Фердуева молчала, и Помреж молчал. Почуваев ругал себя, что остался: его дело сторожить и оброк собирать, он игрок по копеечке с белой панамой на макушке, а тут люди рубятся, не приведи Господь, похоже, стольник за вист заряжают. Эх ма! Почуваев засопел по-кабаньи и вернул Фердуеву от размышлений на бренную землю.
- Вась, не договариваешь, сдается? Рожа-то у тебя не так, чтоб скорбная для такого момента.
Помреж мучить Фердуеву не стал:
- Не нашего района номера. С севера машины.
- Вот оно что. - Облегчение сразу придало лицу хозяйки цвет и яркость глазам. Еще полбеды. Значит Филипп не переметнулся. А северян поддерживают их правоохранители. Естественное дело. Вот почему и зубы перестали драть. Филипп у себя царек, а на севере свои монархи, все жить хотят, что им Филипп, ровня и только. Фердуева повеселела. - Это хорошо, Вась, что они на раннем этапе показали, кто за ними стоит. Потрафили нам. Засветились, орелики. Я их мышиную гвардию притушу, найдем управу.
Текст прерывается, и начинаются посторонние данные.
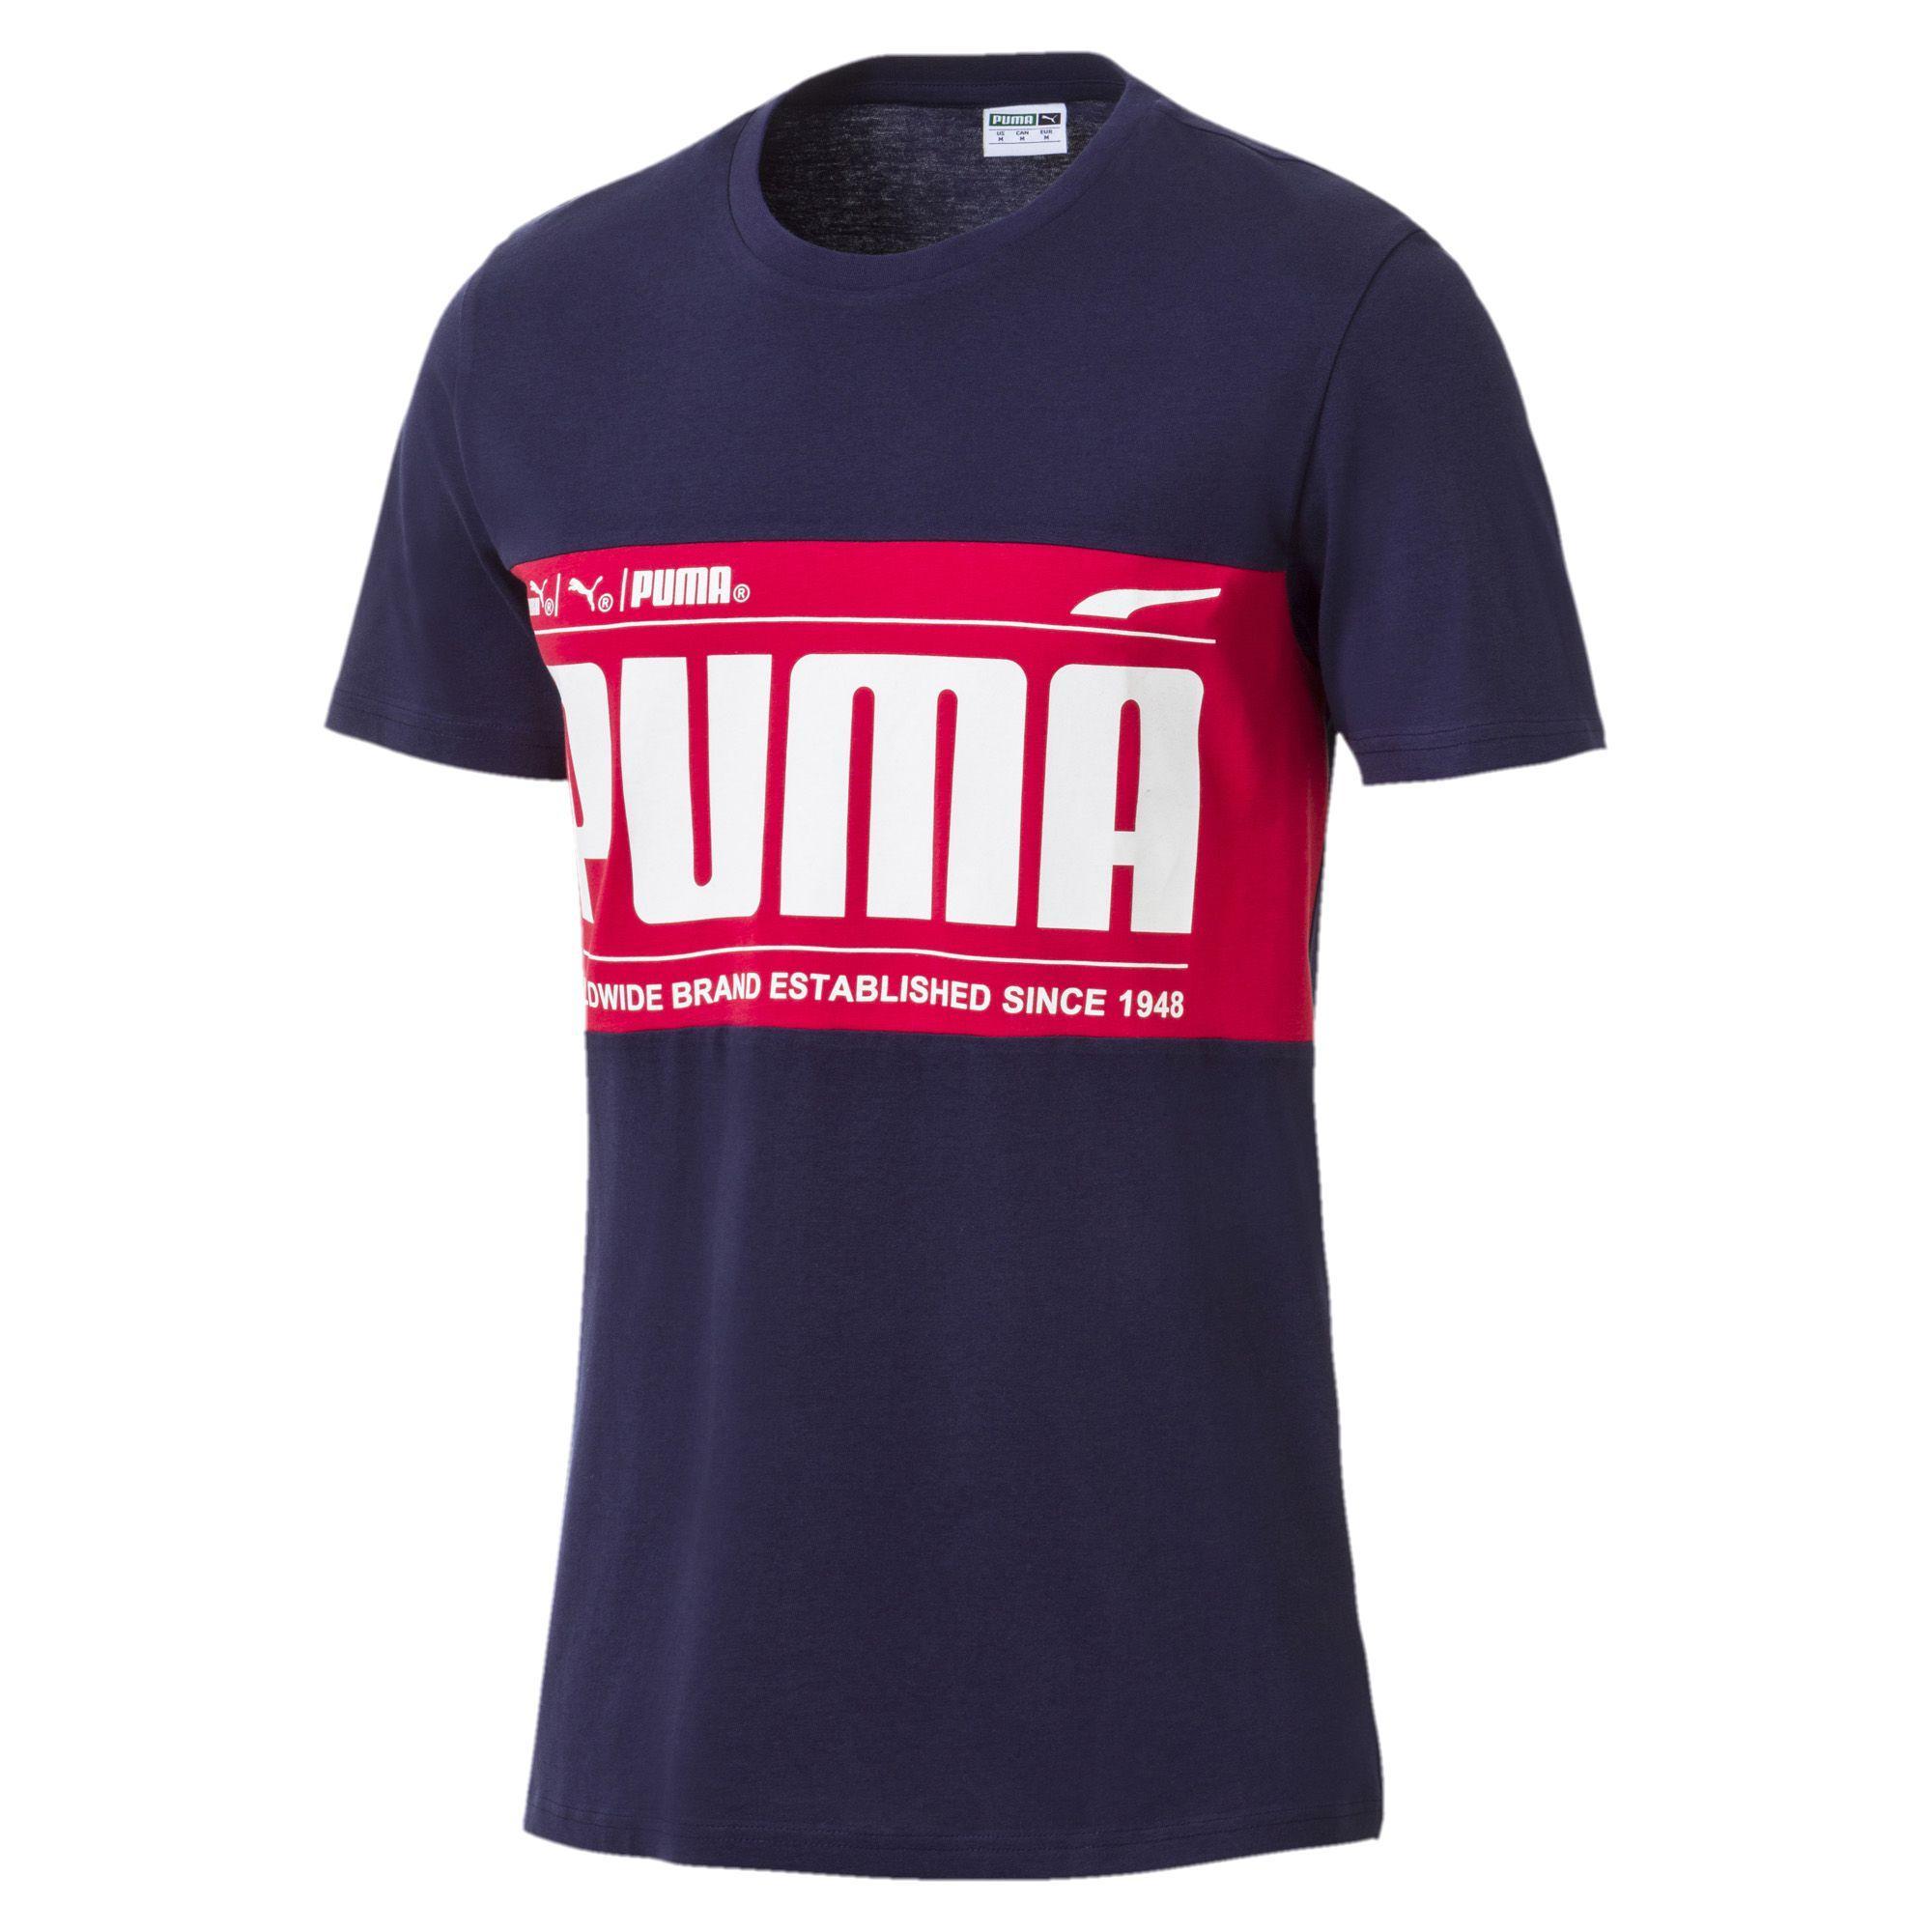 Puma T-shirt Graphic Logo Block

Я-то думала мальцы с желтком на губах... нет, поди ж, эшелонированная оборона...
- Вот-вот, - услыхав знакомое, брякнул Почуваев: - Мать честная, чисто боевое учение, синие - зеленые, северные - южные, эко народец разбирает...
Фердуева от радости взбурлила показным негодованием, рявкнула на отставника, вознаграждая себя за тяжесть пережитых минут:
- Мотал бы отсюда, Михал Мифодич.
Почуваев вскочил, будто от генеральского окрика, поднес пятерню к шишковатой, поросшей коротким ежиком голове и строевым шагом покинул зал.
Фердуева выжидала, пока затихнут шаги, и доверительно сообщила Помрежу:
- Вроде идиот на вид. Дудки! Упаси Бог так заблуждаться. Свой расчет имеет, калькулирует не хуже нашего, но предан, впервые в жизни копейку заимел. Преданность пожилого, всю жизнь пронищенствовавшего, ни с чем не сравнишь.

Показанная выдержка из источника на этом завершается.